**INPUT DATA:**
*** Begin section ***

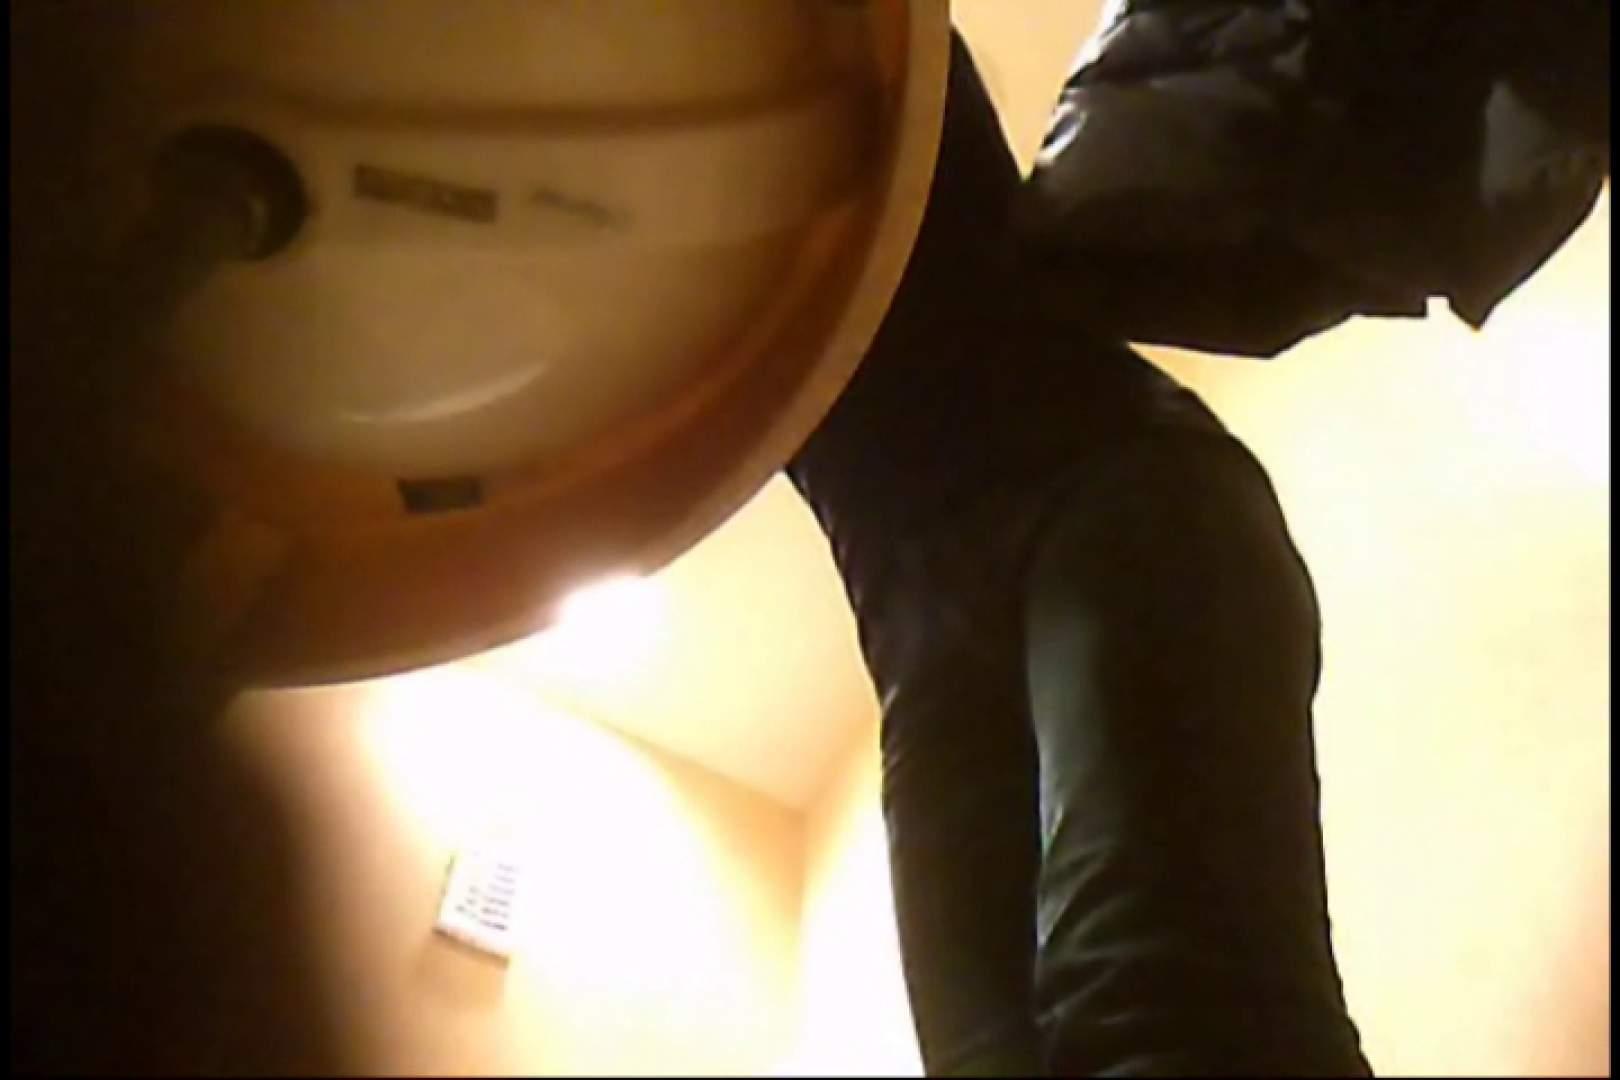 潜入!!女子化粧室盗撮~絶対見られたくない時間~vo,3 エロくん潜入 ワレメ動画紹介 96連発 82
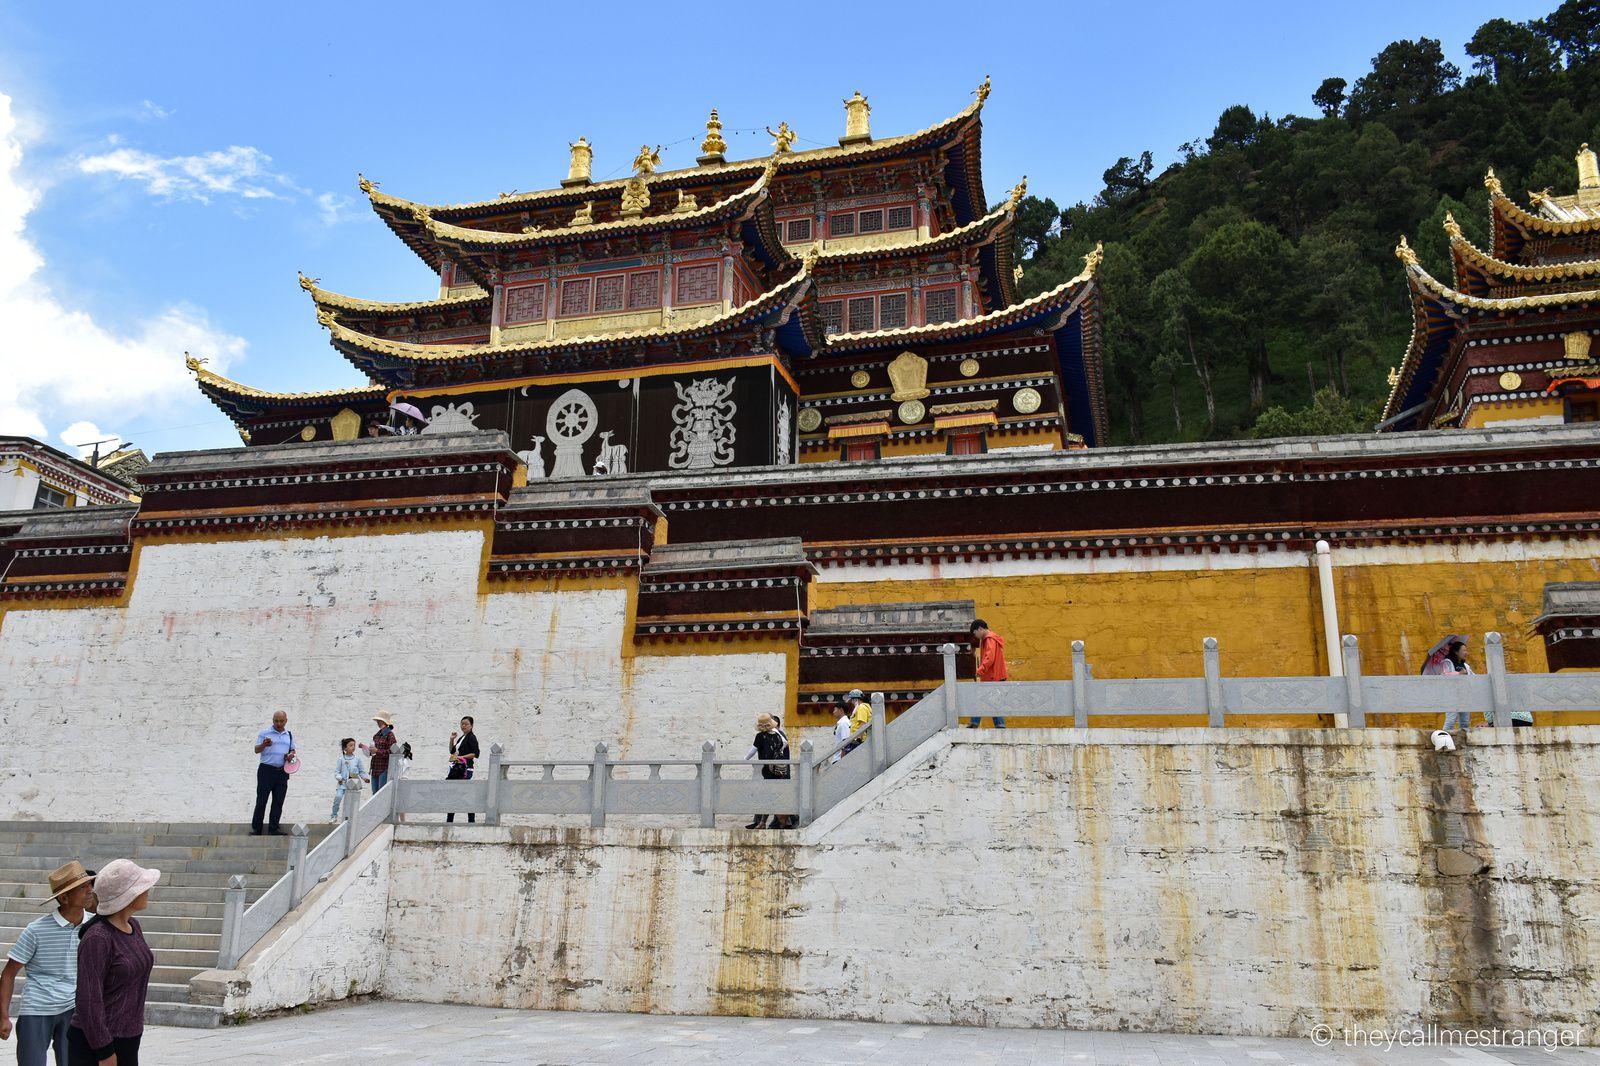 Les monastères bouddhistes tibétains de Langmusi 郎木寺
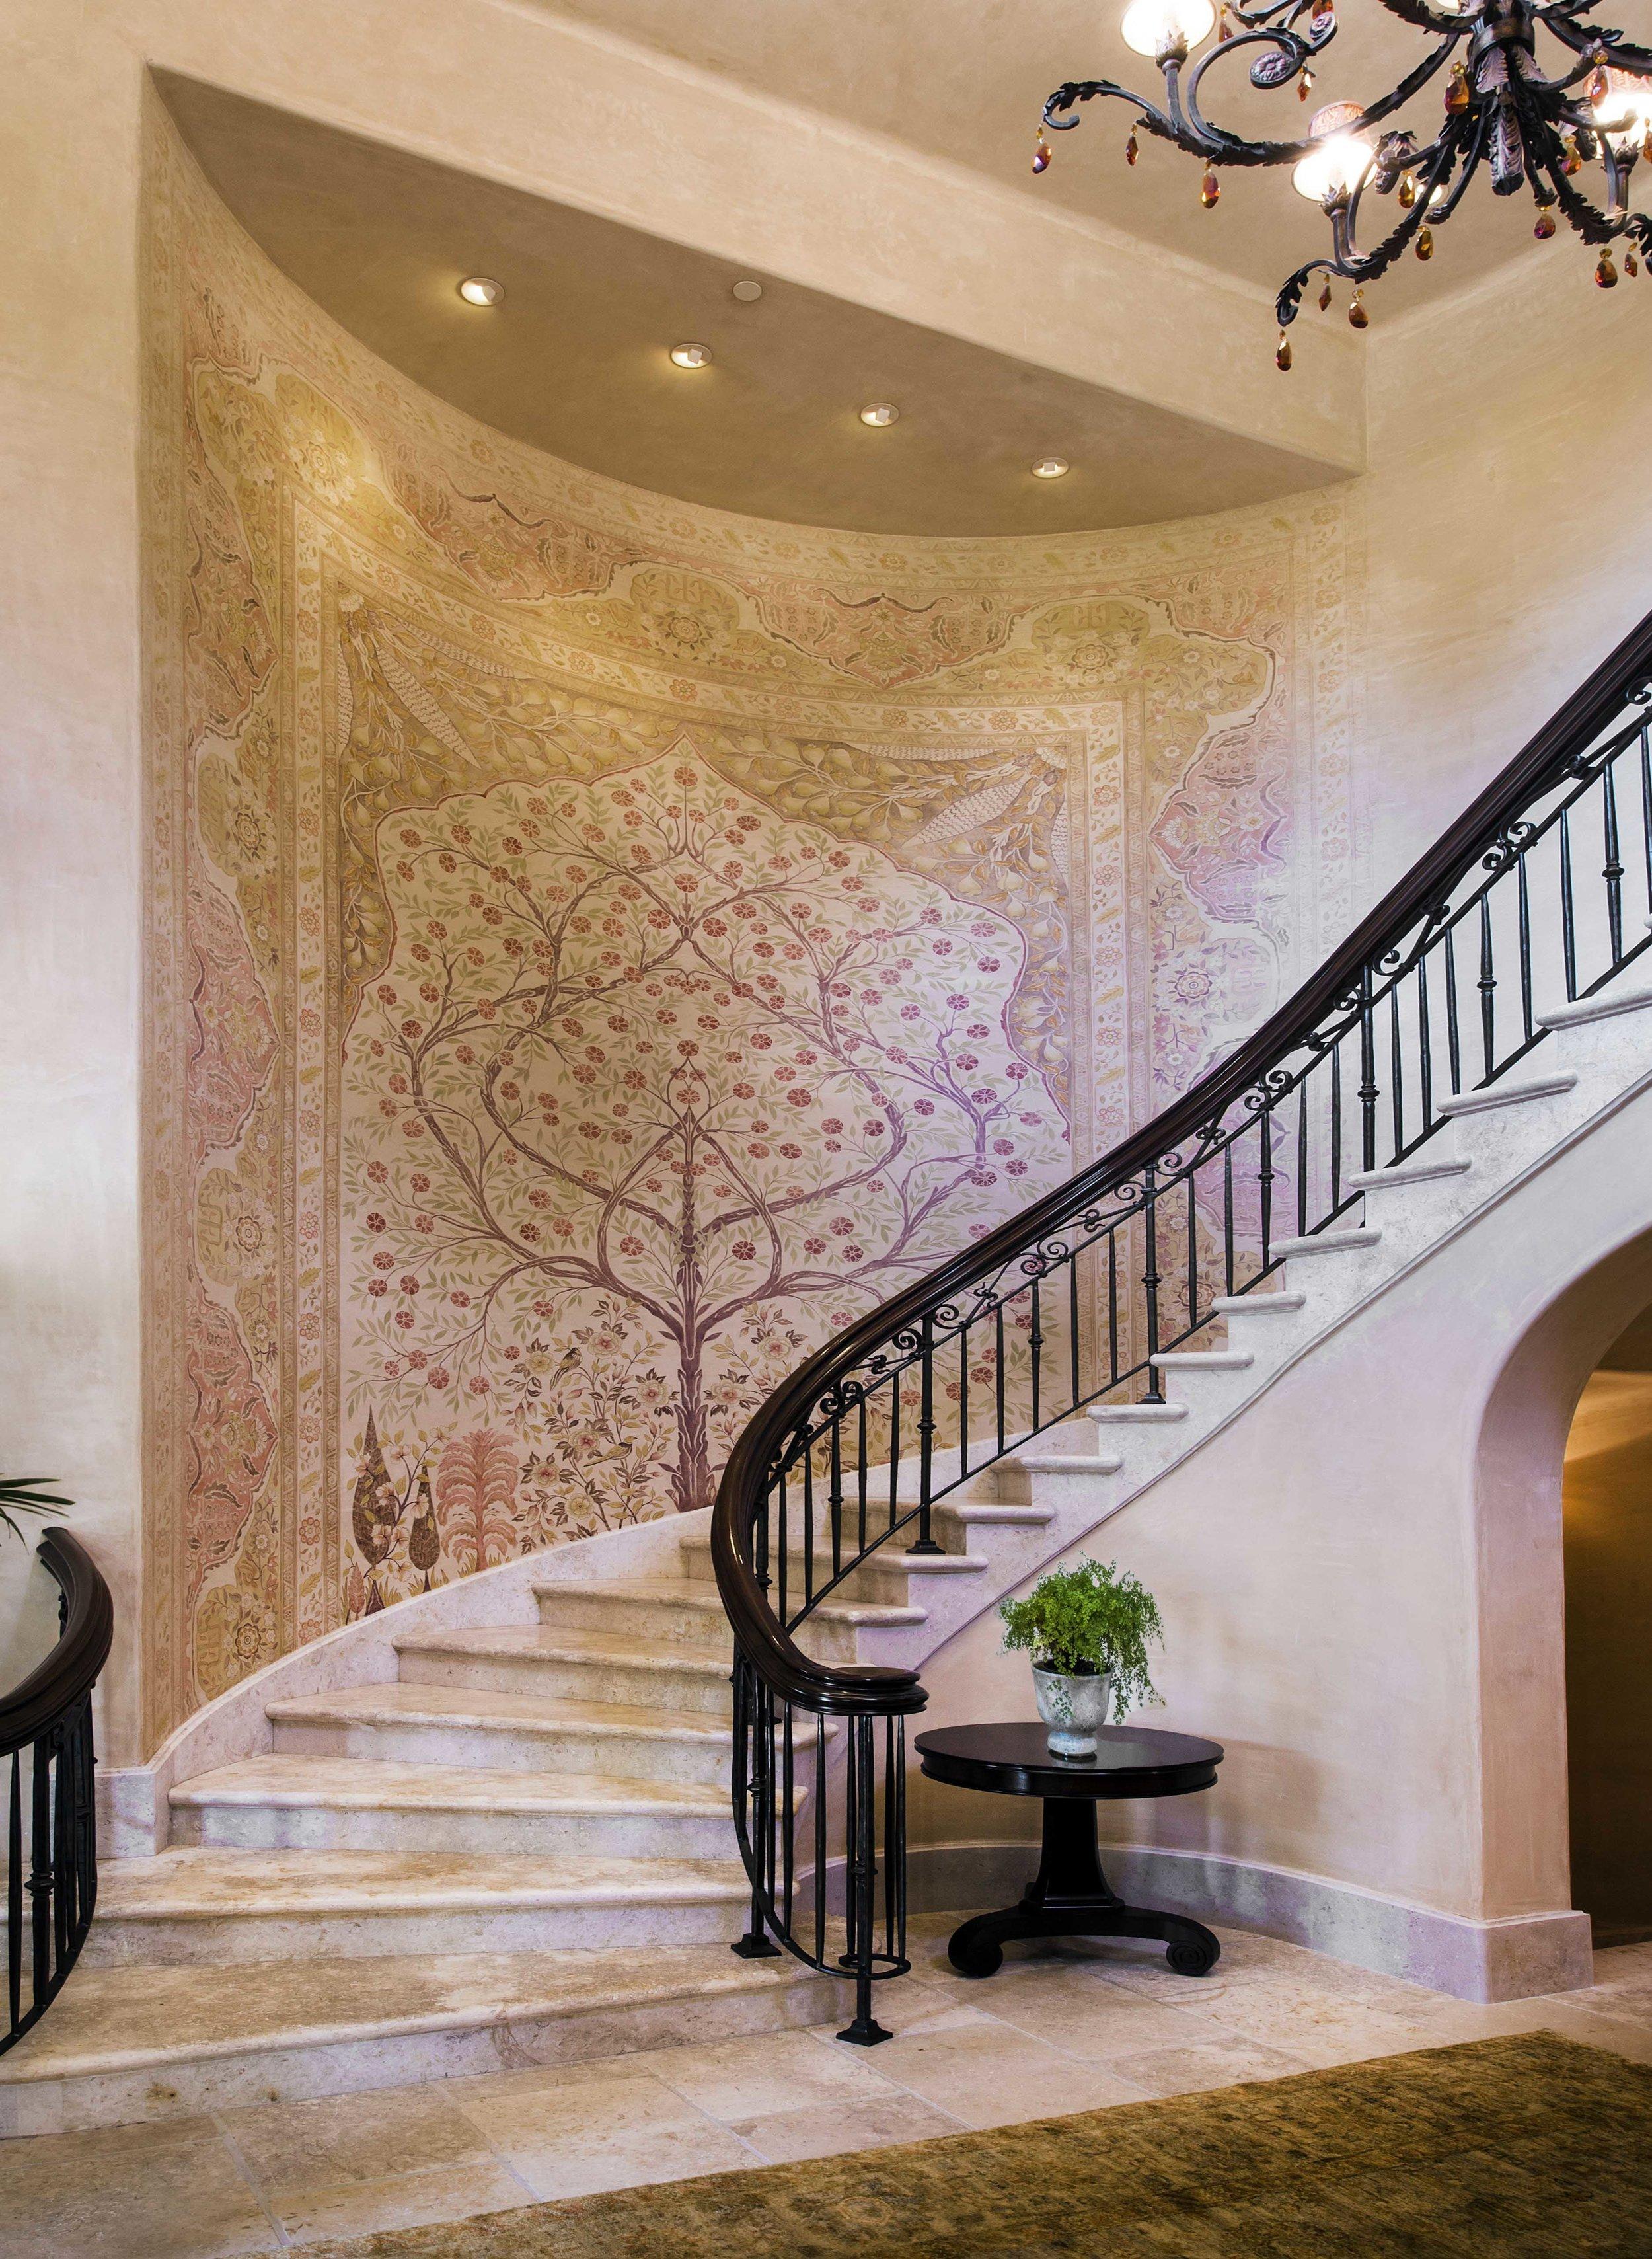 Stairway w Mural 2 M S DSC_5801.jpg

*** End section ***

**WHAT IS BEING ASKED:** The answer should match the material exactly, with every picture removed.

**WRITTEN RESPONSE:**
 潜入!!女子化粧室盗撮~絶対見られたくない時間~vo,3 エロくん潜入 ワレメ動画紹介 96連発 82
 Les monastères bouddhistes tibétains de Langmusi 郎木寺
 Stairway w Mural 2 M S DSC_5801.jpg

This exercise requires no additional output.